Strutturato come una sorta di diario composto da brevi capitoli – gran parte non supera la pagina – il romanzo appartiene a quella corrente, di cui ora Emmanuel Carrère è certo uno dei più noti esponenti (ma non si tratta di un’invenzione di oggi: il primo fu forse Marcel Proust), da tempo chiamata autofiction: l’autore, qui, cambia ruolo e da artigiano al servizio della pura invenzione si fa protagonista della vicenda vissuta, in tempo presente, in prima persona.
Ma la scelta di Guibert di calarsi direttamente nel narrato non è certo dovuta a questioni stilistiche (in certe condizioni, queste sono quisquilie). Chi vive la malattia abita uno stato di guerra perpetua e, come avviene in ogni conflitto, nessuno o pochi testimoniano del massacro; solitamente si preferisce girare gli occhi dall’altra parte, non parlare del disfacimento e liquidare il peggio – che in alcune vite è tutto – con trite formule: «bisogna andare avanti»; «la vita continua»; «adesso è in pace». «La morte», scriveva il poeta Antonio Porta, «è diventata il grande rimosso della nostra cultura» e la sua pressoché totale ospedalizzazione, come suggerisce Foucault, la dice lunga sul nostro anestetizzante tempo (essere lontani dalla morte non è che un modo di essere lontani dalla vita).

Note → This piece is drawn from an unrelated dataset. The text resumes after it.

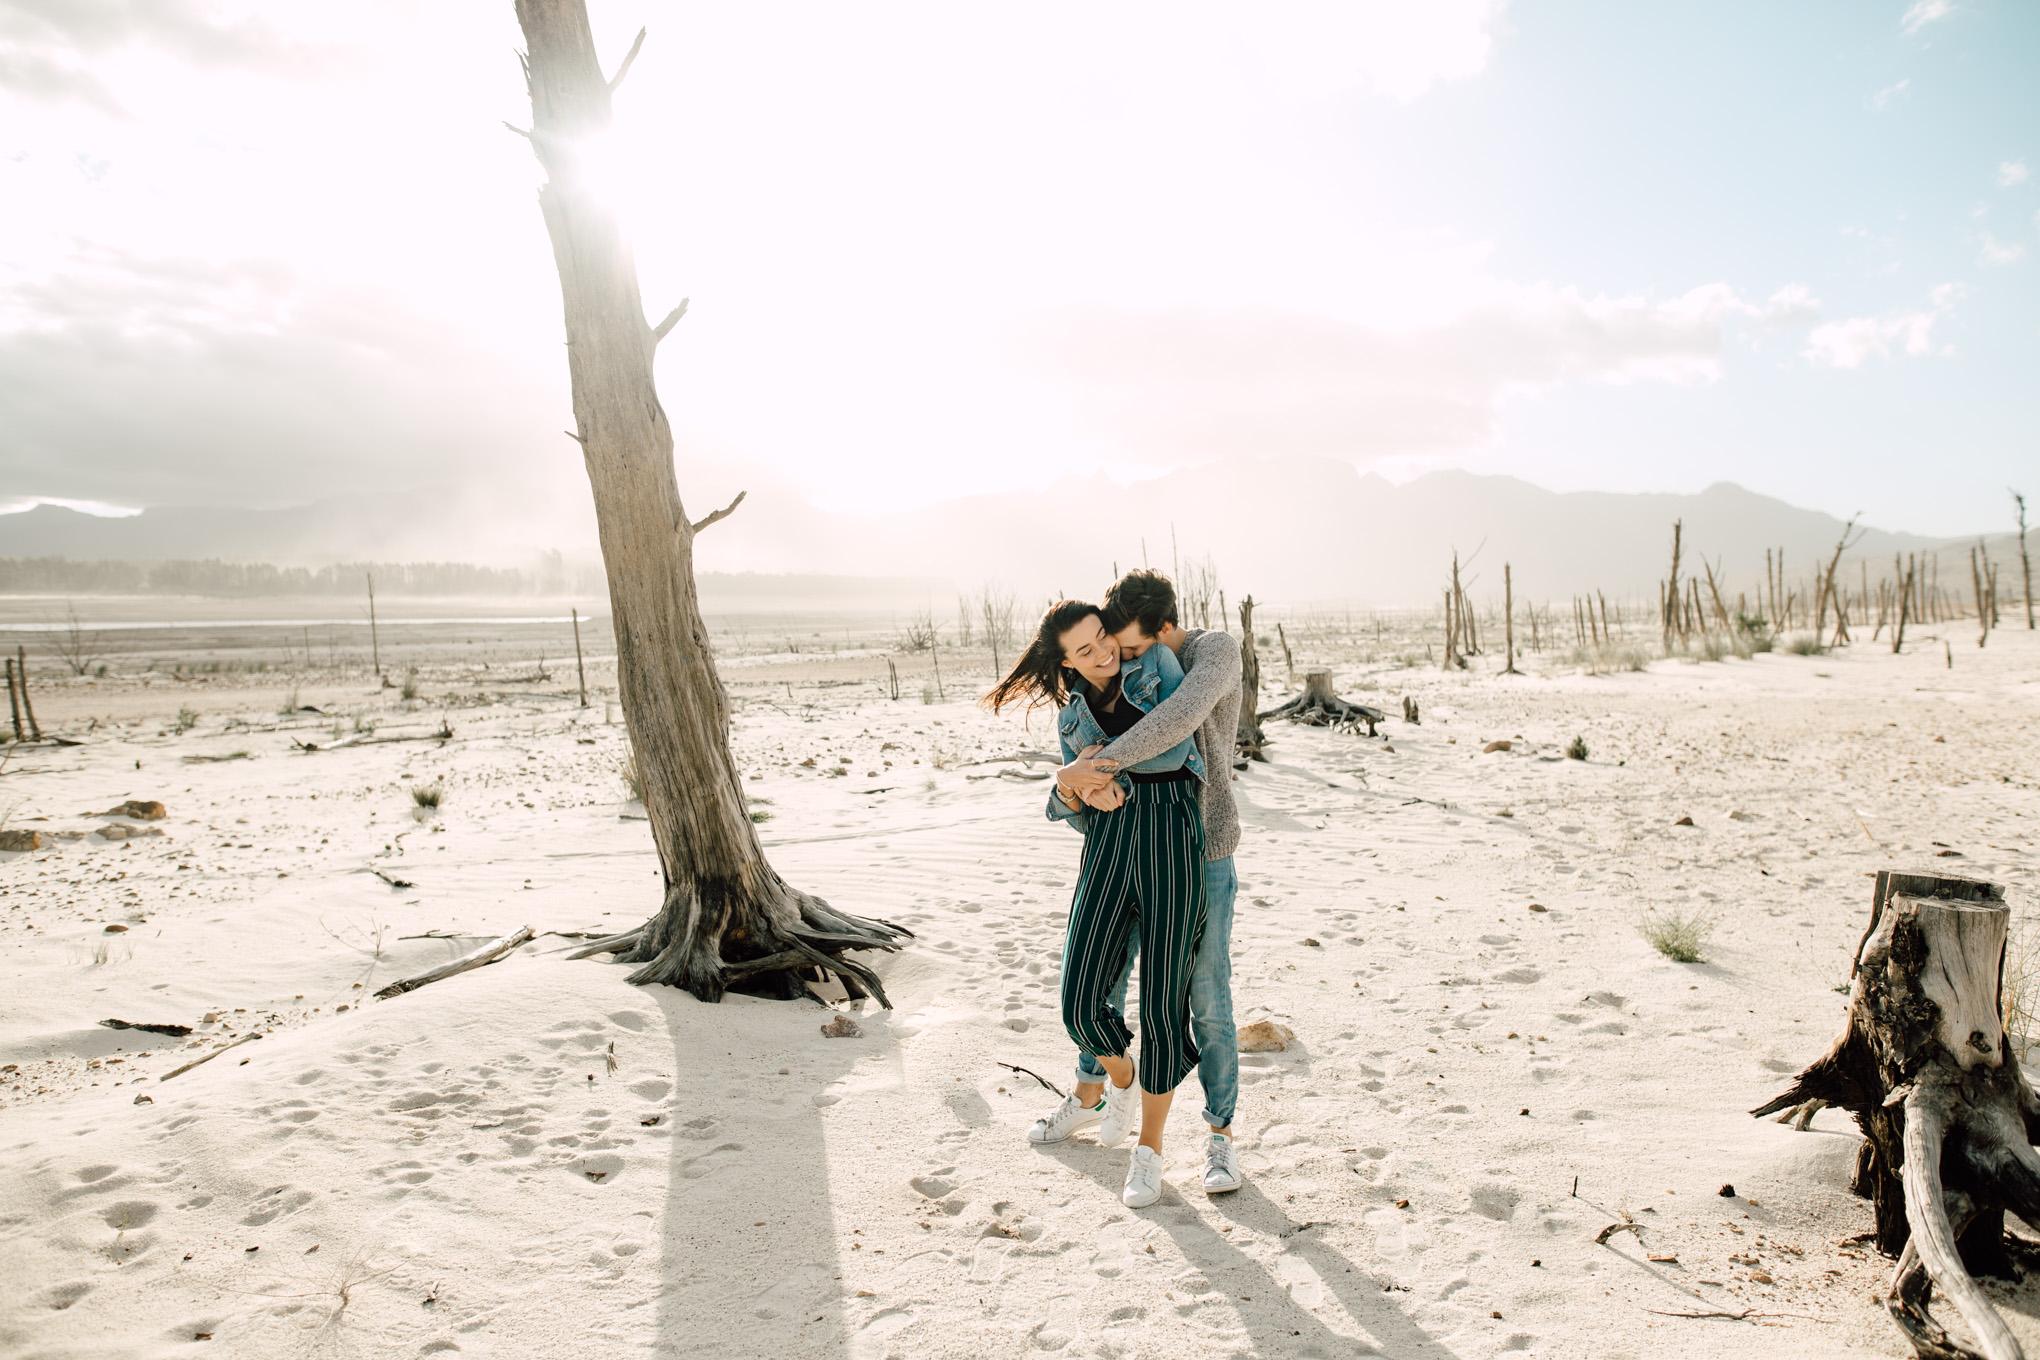 Cape-Town-Pia-Anna-Christian-Wedding-Photography-South-Africa-KF-33.jpg

Guibert invece, che non ha niente da perdere ed è un vero artista, scava là dove il destino lo ha sospinto in nome di un valore antico (spesso messo in discussione anche dall’amico filosofo): quello della verità, perché, afferma, «per quanto questa possa essere crudele, (...) c’è una certa delicatezza» nel raccontare i fatti nella loro crudezza. Quindi, descrivendo il proprio desolante recarsi di ambulatorio in ambulatorio in una Parigi che, come in un altro romanzo sull’AIDS del 1989 – Les nuits fauves di Cyrill Collard – man mano si muta in una città di morti, Guibert consegna, da un lato, un ritratto intimo di intellettuale, dall’altro uno straziante reportage sugli esiti del male di cui egli stesso morirà nel 1991.
Sì, perché All’amico che non mi ha salvato la vita è anche, forse soprattutto, il racconto della propria fine, del proprio morire (il libro si apre con la notizia della sieropositività di Guibert, per poi seguire, con meticolosità, lo sviluppo di ogni minimo sintomo) di cui lo spegnersi di Foucault altro non rappresenta che l’angosciante preambolo, il campanello d’allarme che si tramuta, pagina dopo pagina, nel solenne rintocco della campana a morto.